Air Canada’s Maple Leaf Lounge network isn’t typically considered top-tier among airport lounges. That honor usually goes to places like the Centurion Lounges by American Express, which are often helmed by James Beard Award-affiliated chefs.
But at San Francisco International Airport, the Air Canada Maple Leaf Lounge, which opened in summer 2023, might be the best hangout spot in the airport, period.
There, you’ll dine on a buffet of California classics like seafood cioppino, alongside international dishes like chimichurri beef sliders and chicken adobo — a nod to the Bay Area’s culture of ethnic cuisines. Plus, you can dine outside, as this is the first Maple Leaf Lounge with its own, private outdoor terrace.
Here’s what it’s like inside (and outside).
Food and beverage options
Menu items occasionally change, but here’s what we saw when we visited:
The self-service buffet starts with a salad bar, which includes your usual suspects of toppings like carrots, tomatoes, quinoa and cucumbers.
Up next are sandwiches, wraps and a cheese board.
Most hot items take their cues from San Francisco’s rich foodie culture, including local dishes like seafood cioppino. There are also fairly healthy options, such as fresh squash and chicken adobo.

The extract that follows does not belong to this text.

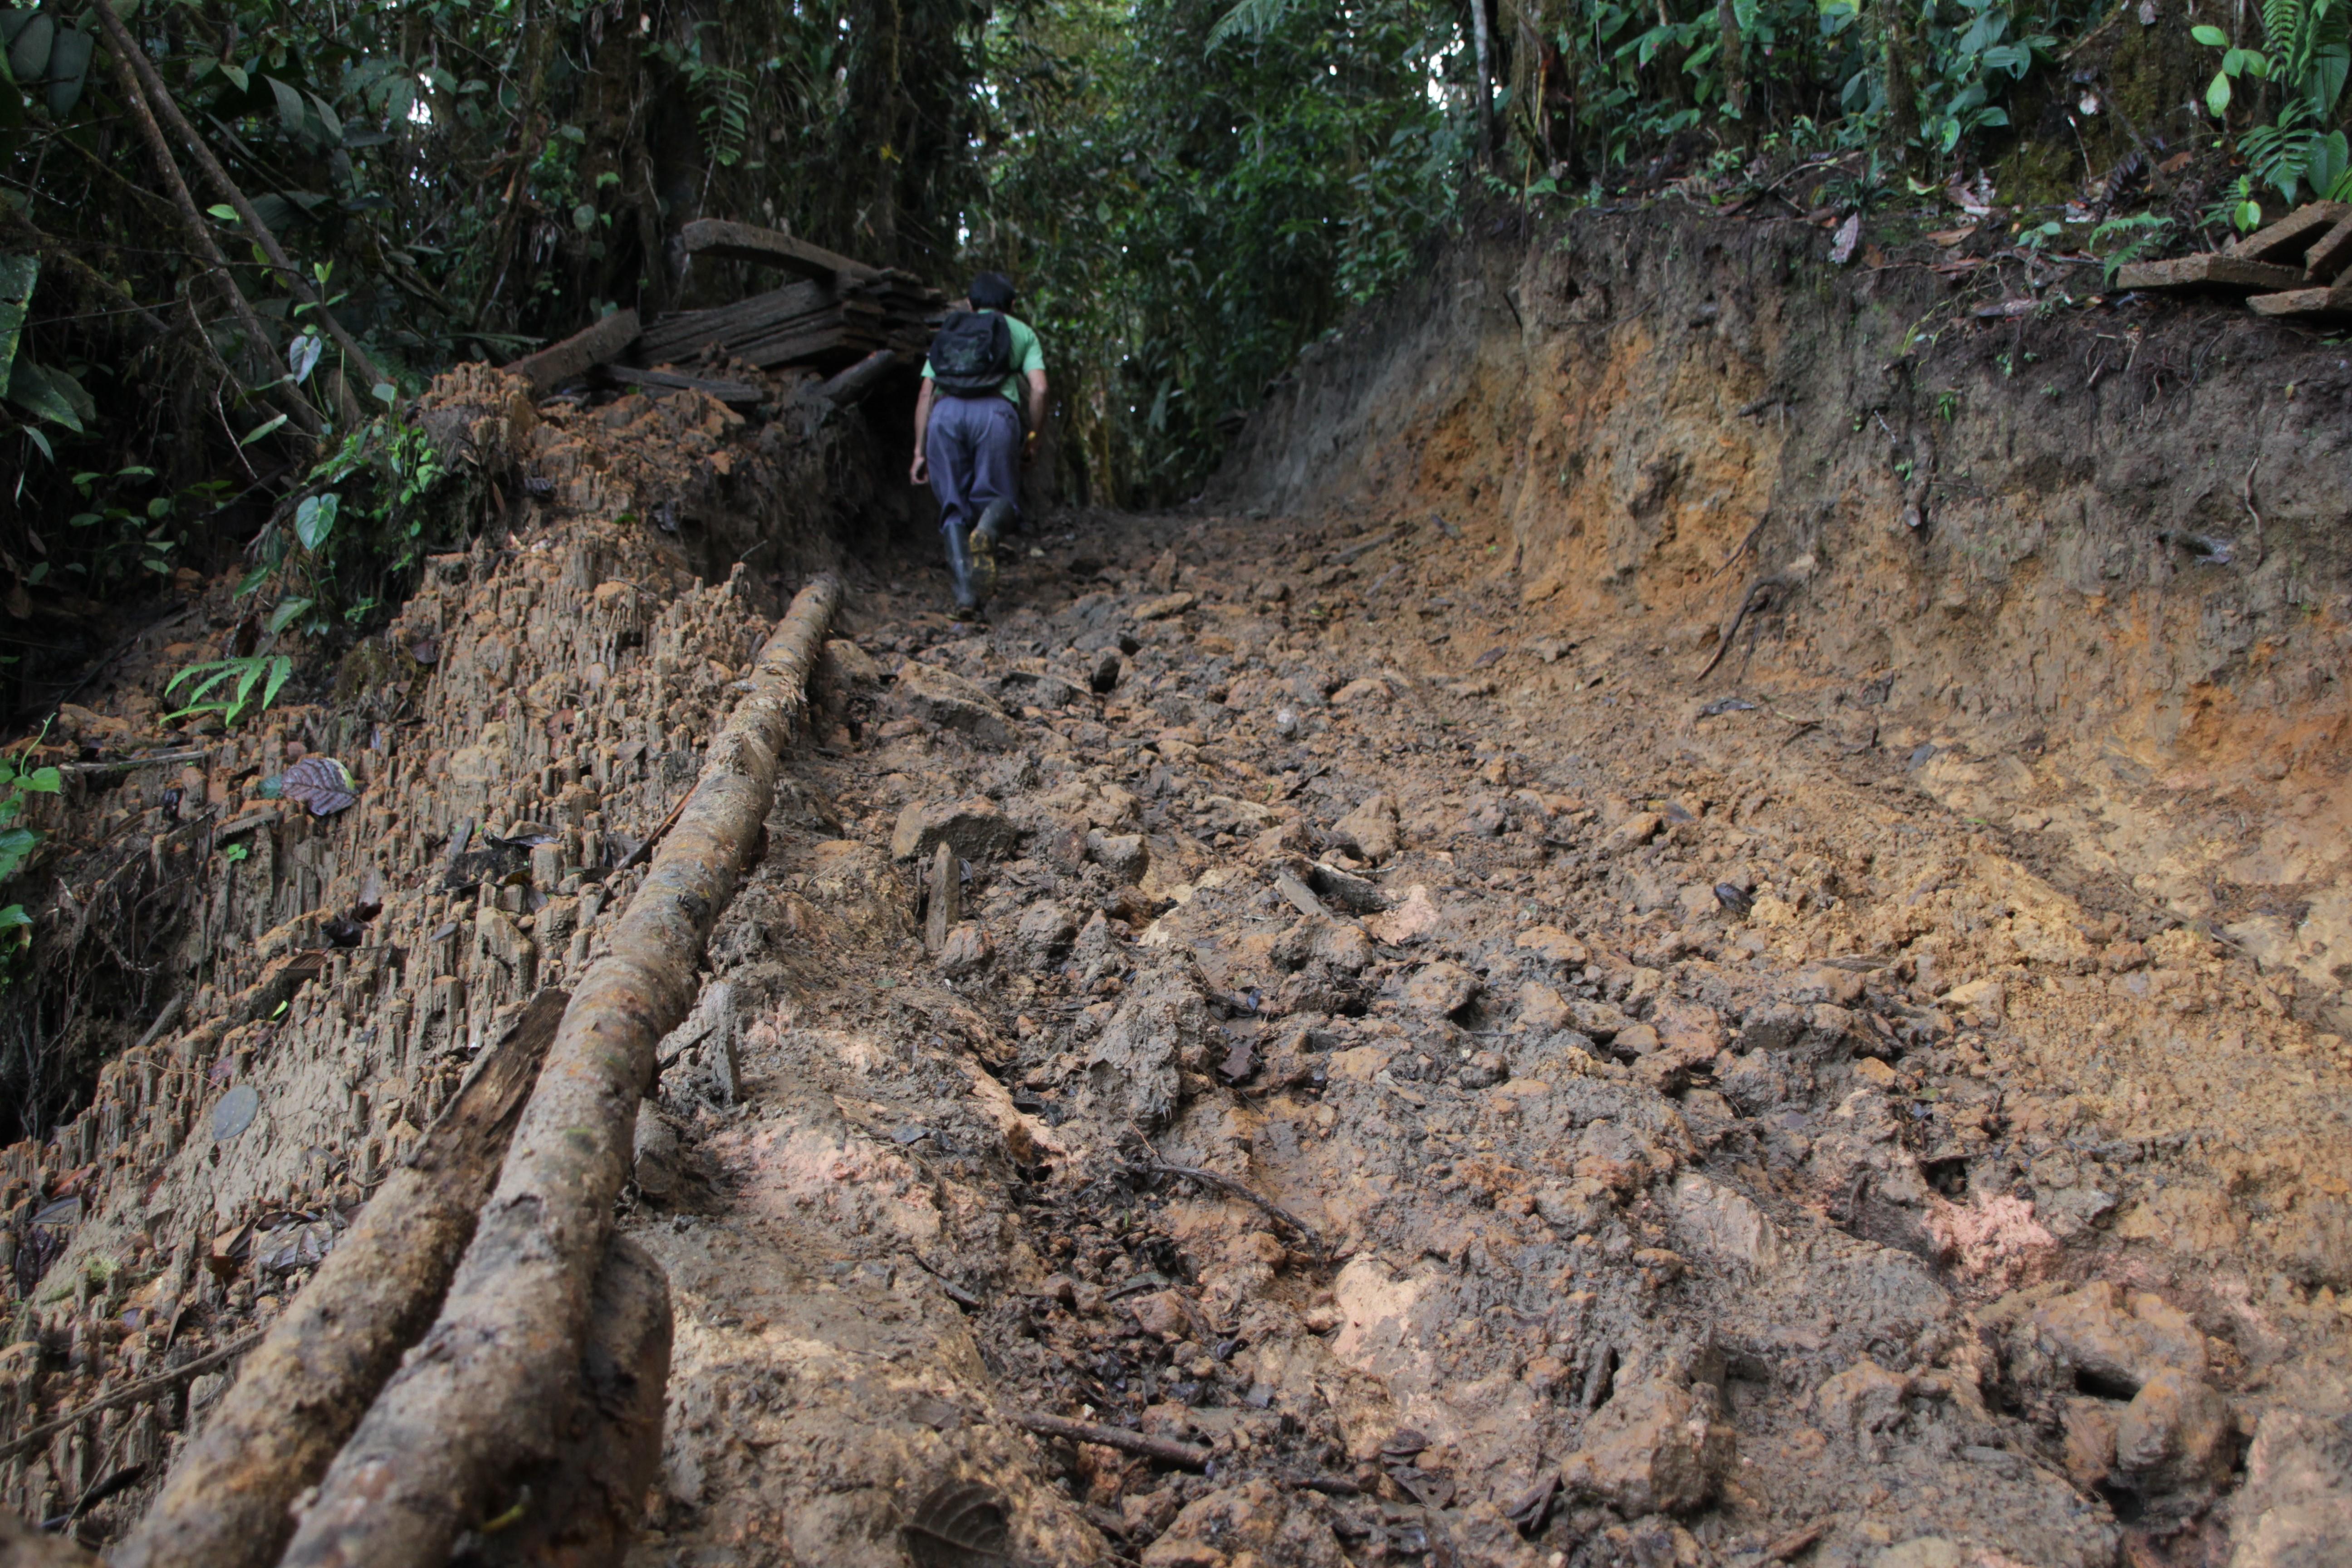 Le chemin raide et boueux mène au campement des ouvriers de la mine de Junín (© Jérôme Decoster).
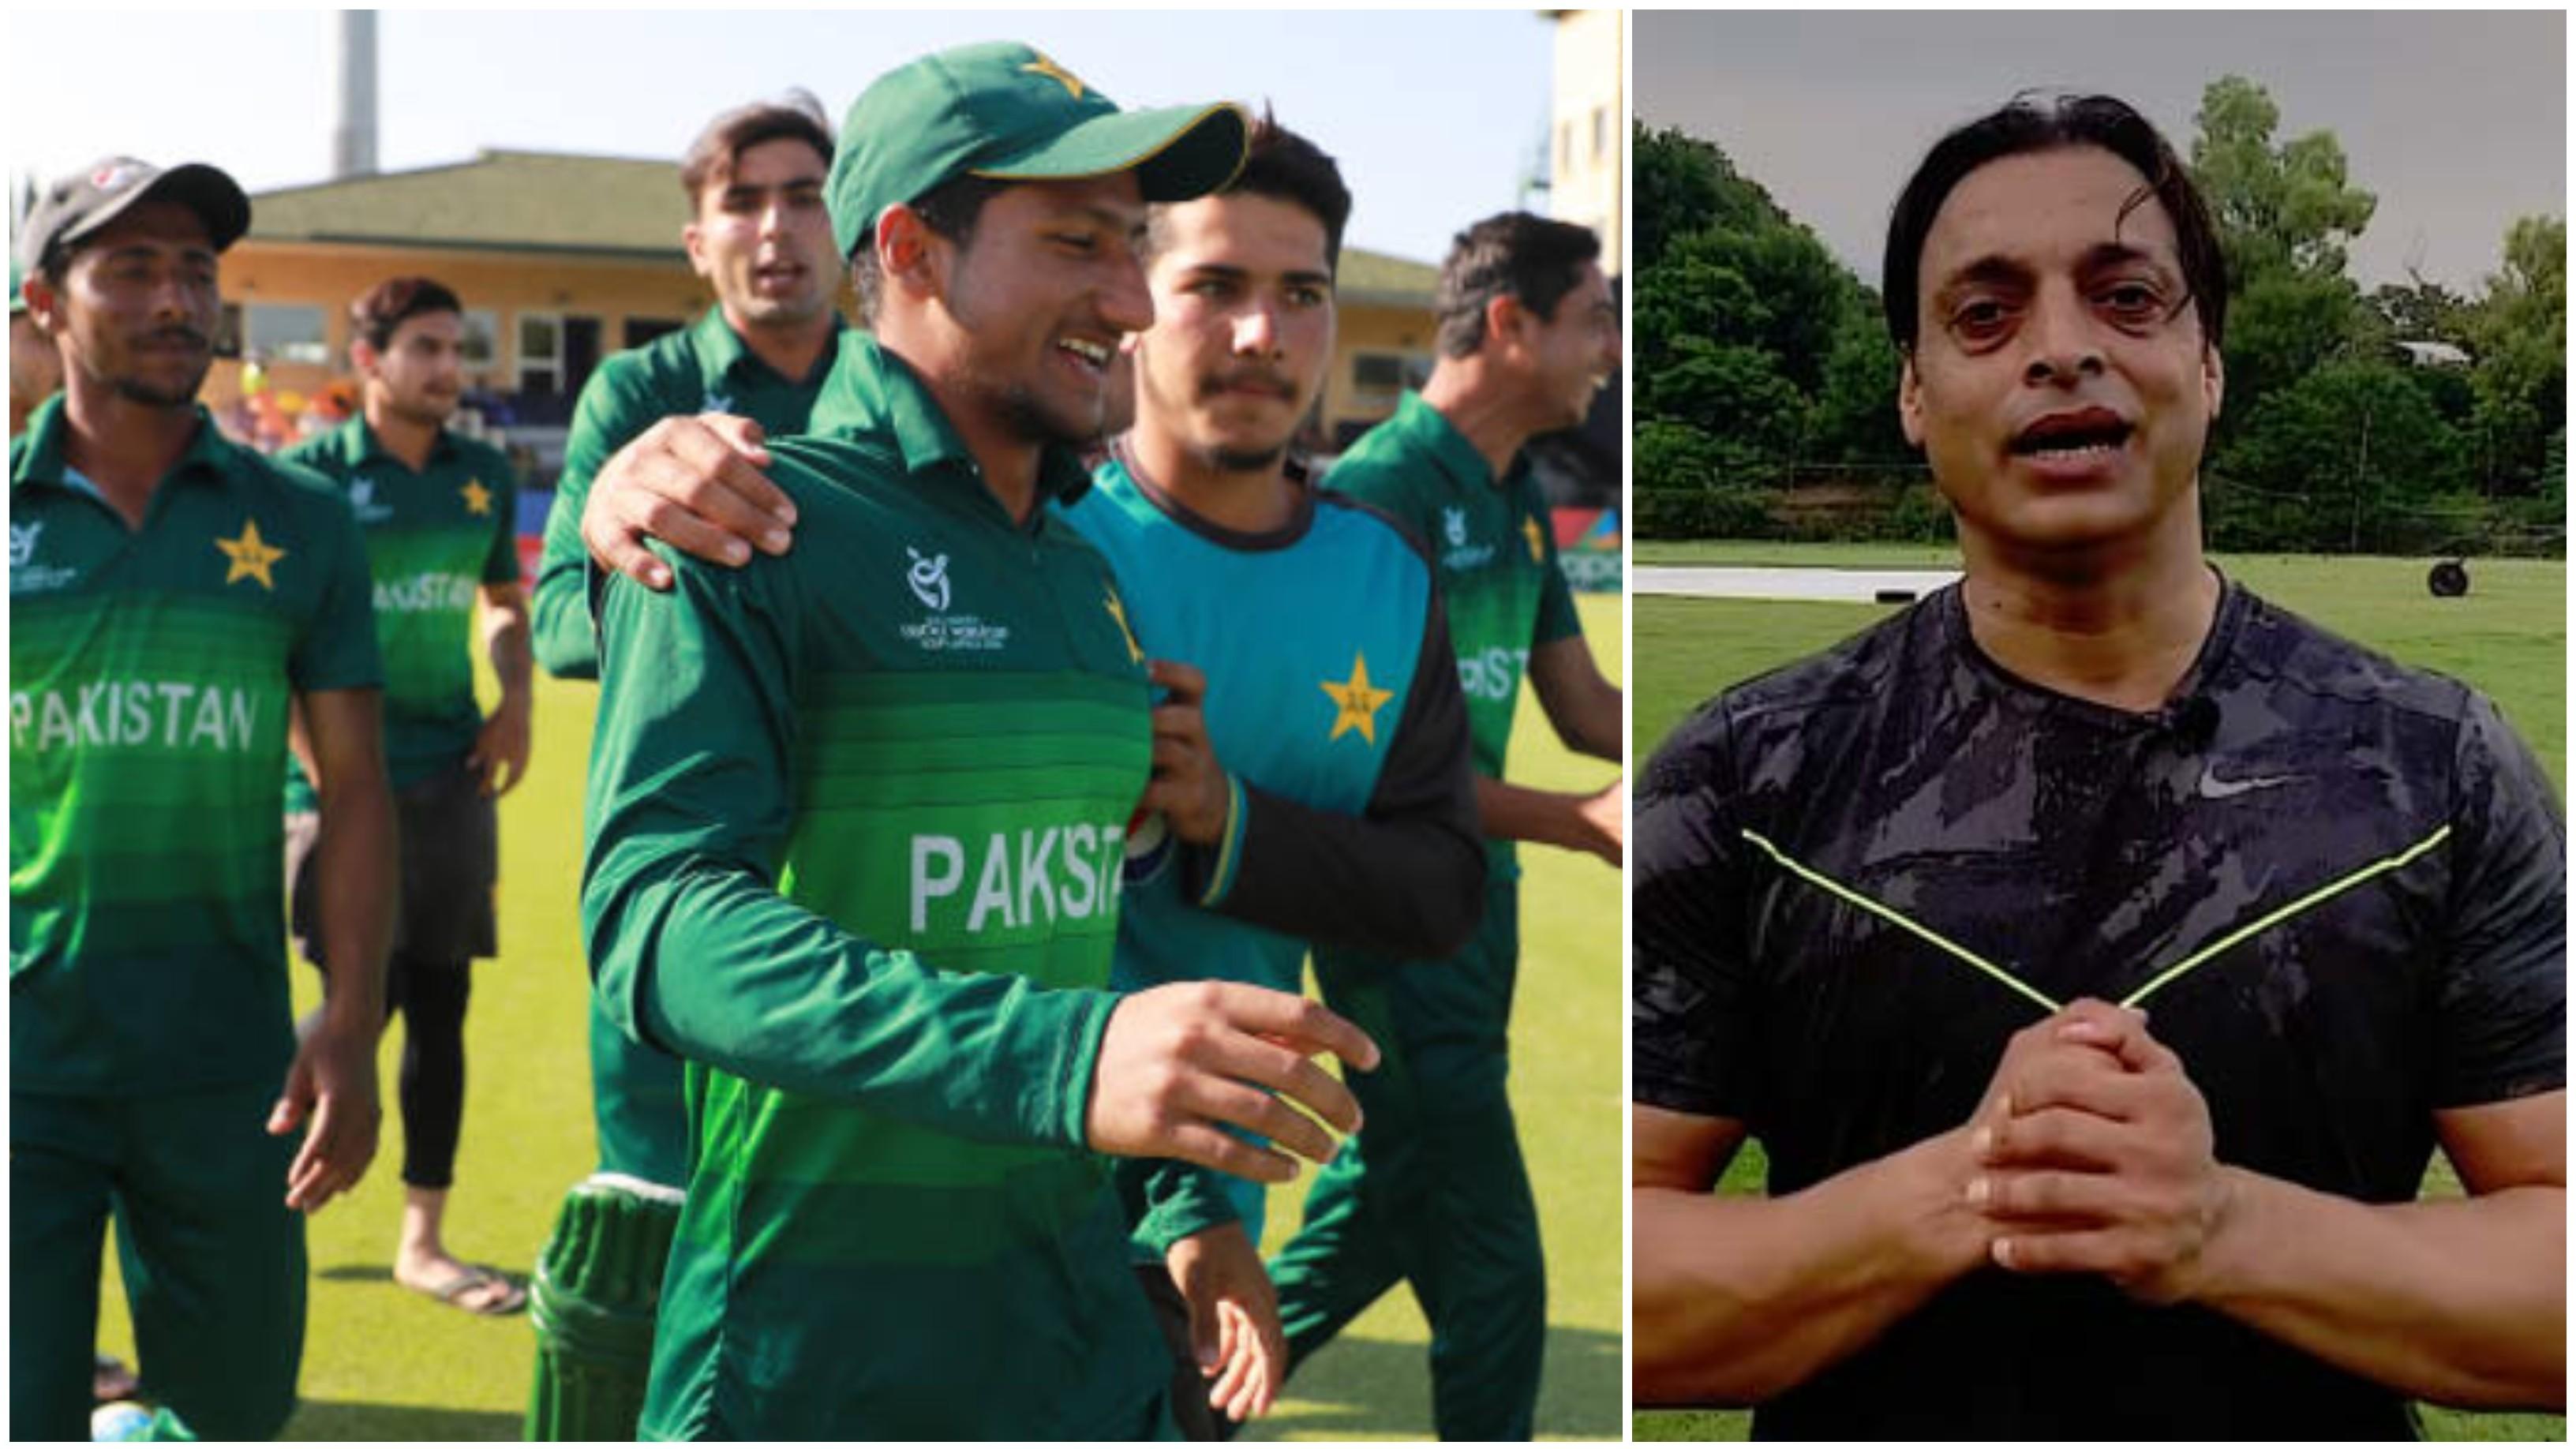 शोएब अख्तर ने अंडर-19 विश्वकप सेमीफाइनल में भारत से मिली हार के बाद के बाद पीसीबी को लगाईं फटकार

The buffet supports vegetarians and carnivores alike via chimichurri beef sliders and black bean sliders.
There’s a bartender at the full bar, ready to serve wine, local craft beers, a handcrafted cocktail or espresso.
There’s also a soda fountain and coffee maker near the main buffet.
If you’re seeking something refreshing, you might hydrate with agua fresca.
The dessert options aren’t anything special, just your run-of-the-mill brownies and cookies.
Spaces to relax and work
The lounge itself is extensive, comfortably fitting 165 seats within its 8,168 square feet of space.
Power outlets sit between deep leather seats, and counter seating lines the perimeter.
There’s also a business center with a printer and private rooms to take calls.
The star of the lounge is the outdoor terrace, which offers runway views. Of the lounge’s 165 seats, 30 are outside.
Should it get chilly (as San Francisco often can), you can snuggle against one of two vapor fireplaces. And if you’re not seated facing the runway, you’ll get an equally-lovely view of a massive mural celebrating San Francisco.
The lounge also offers showers and heated towel racks.
How to get into the Air Canada Lounge at SFO
The lounge is located on the second floor of Terminal 2.
Upon stepping off the elevator from the main terminal to the lounge, you’ll head down a long hallway toward the entrance.
Instead of checking in at a front desk, you’ll undergo biometric identification to verify you’re eligible for admission.
Who is allowed in?
There are a few ways you can get in, including if you are:
Aeroplan 50K elite status or higher: Air Canada’s Maple Leaf lounges are open to Air Canada customers who hold Aeroplan 50K, 75K, or Aeroplan Super Elite status in Air Canada’s Aeroplan loyalty program.
What if you can’t get in?
SFO has no shortage of great lounges, so if you can’t get into Air Canada’s Maple Leaf Lounge, you have other options.
On the last day of 2022, the Centurion Lounge at SFO reopened with a redesign and expansion; it’s primarily accessed by folks who hold the The Platinum Card® from American Express, no matter what airline they’re flying. Its buffet menu is designed by Ravi Kapur, the Executive Chef at Liholiho Yacht Club, a popular San Francisco restaurant.
Folks who frequently fly Delta — which has regular nonstop flights between SFO and Canada — might rather relax in SFO’s Delta Sky Club.
Is the Air Canada Maple Leaf Lounge at SFO worth it?
San Francisco’s Air Canada lounge is the 28th to open worldwide and it’s arguably the best. Most other Air Canada lounges only offer light snacks (think soups, salad, hummus and crudites), and boast seating that looks like it might’ve once belonged in a 1980s-era insurance office.
Air Canada recently committed to improving its lounge network, and its SFO outpost proves that the airline has executed well on that commitment.
The Air Canada Maple Leaf Lounge at SFO serves as an encapsulation of California. Sure, the coupling of international cuisine with patio seating does very little to put passengers in a Canadian state of mind — but that’s not a bad thing.
Assuming that Karl (that’s the local name for the Bay Area’s famous fog) hasn’t rolled in, it’s definitely worth making time to relax on the outdoor patio. There, you’ll savor those final California moments before departing for the Great White North.